▶ Exercise directions
The entries below hold a line with "The weekly mixtape" and a line with "Image of a traditional". Return those lines and all that lie between them, exactly and only.

▶ Exercise input
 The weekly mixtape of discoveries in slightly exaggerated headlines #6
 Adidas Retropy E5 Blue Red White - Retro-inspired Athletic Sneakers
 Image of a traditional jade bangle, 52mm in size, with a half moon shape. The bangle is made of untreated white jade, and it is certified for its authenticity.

==

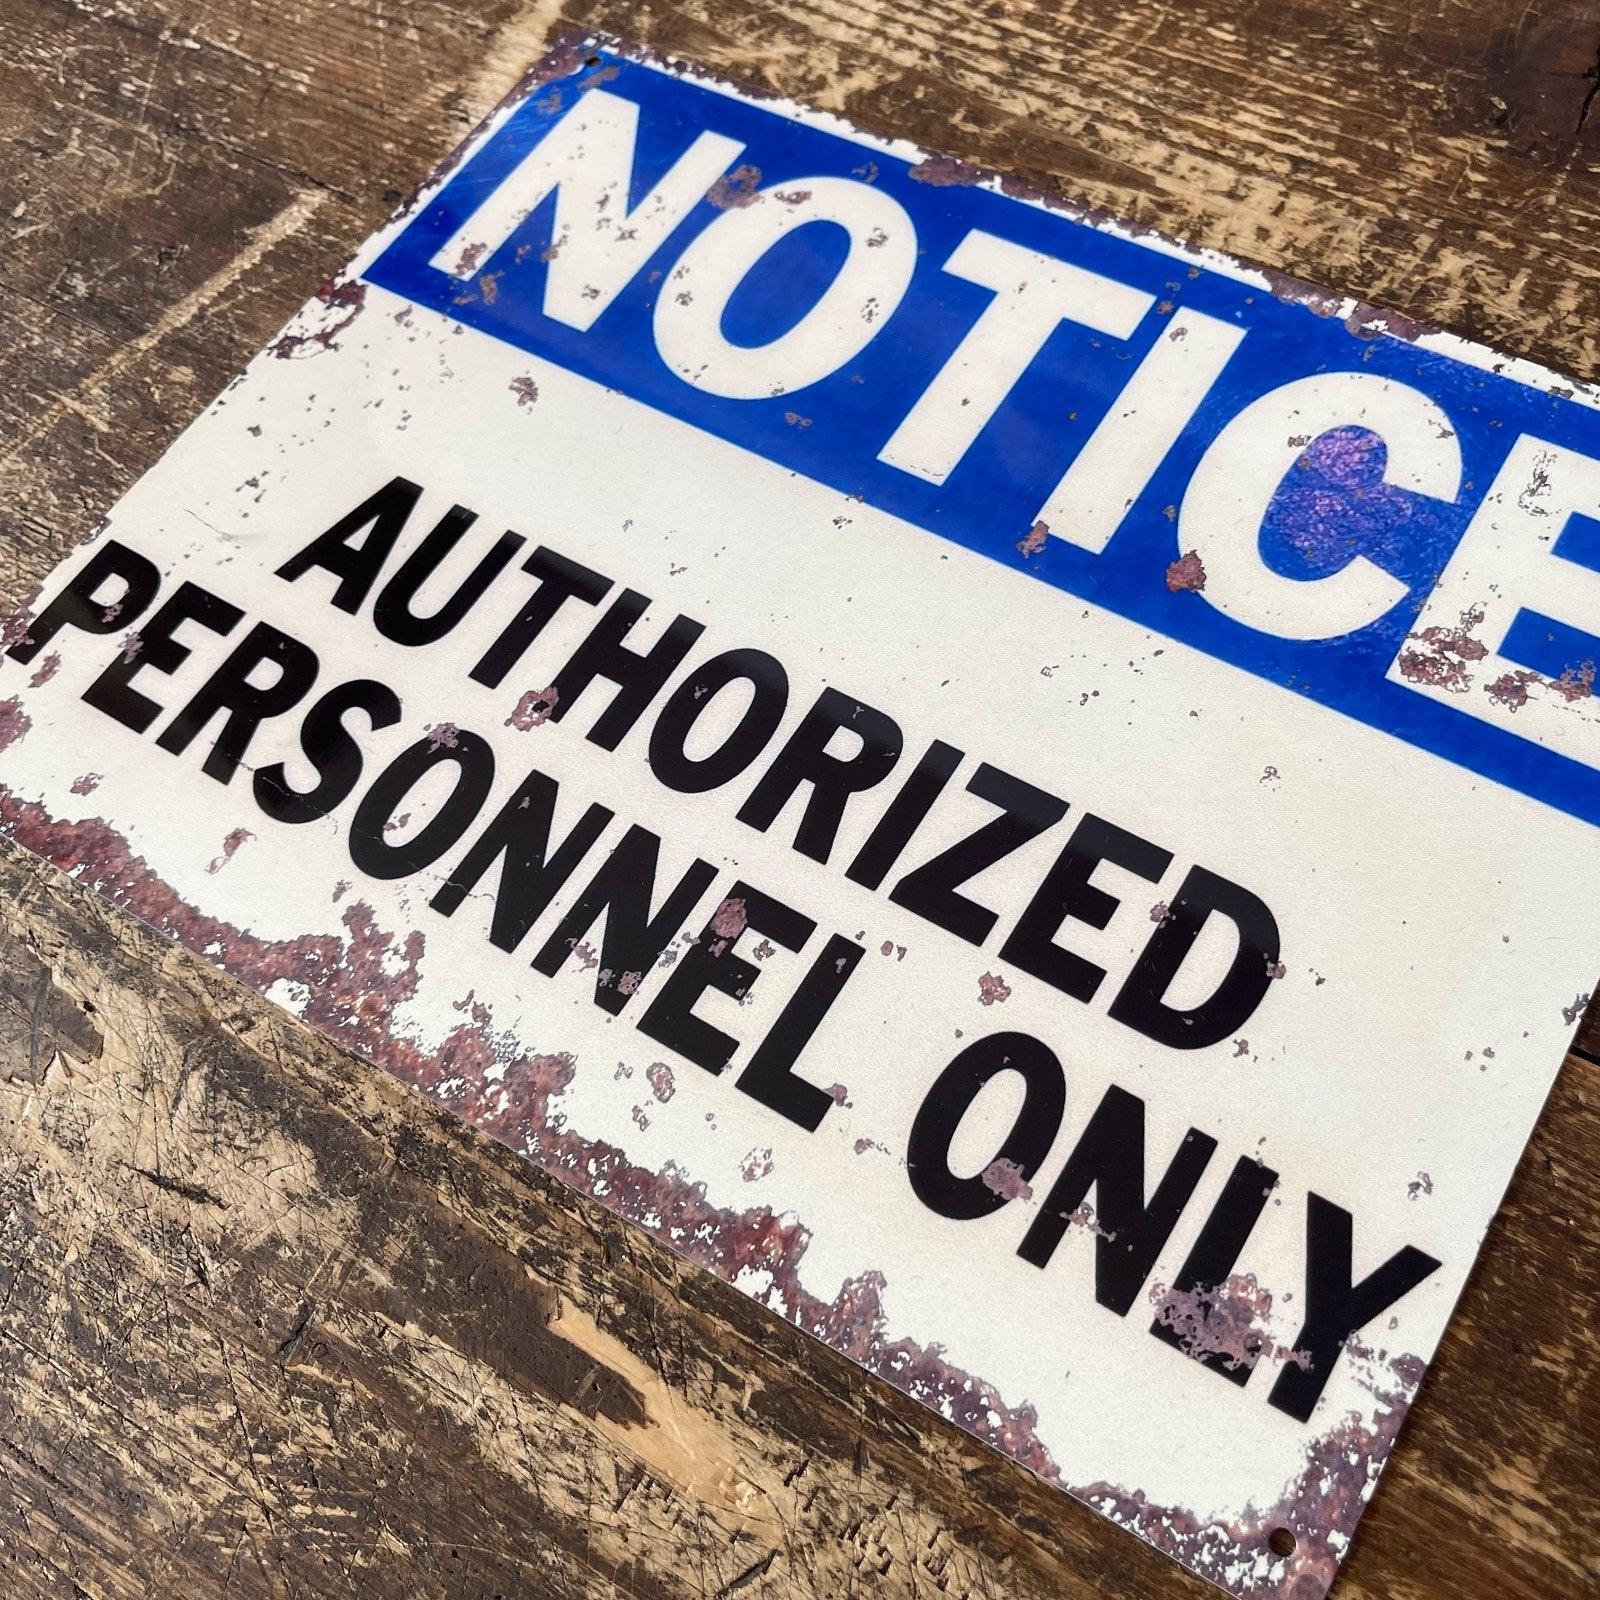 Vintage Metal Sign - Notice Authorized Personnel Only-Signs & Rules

▶ Expected output
 The weekly mixtape of discoveries in slightly exaggerated headlines #6
 Adidas Retropy E5 Blue Red White - Retro-inspired Athletic Sneakers
 Image of a traditional jade bangle, 52mm in size, with a half moon shape. The bangle is made of untreated white jade, and it is certified for its authenticity.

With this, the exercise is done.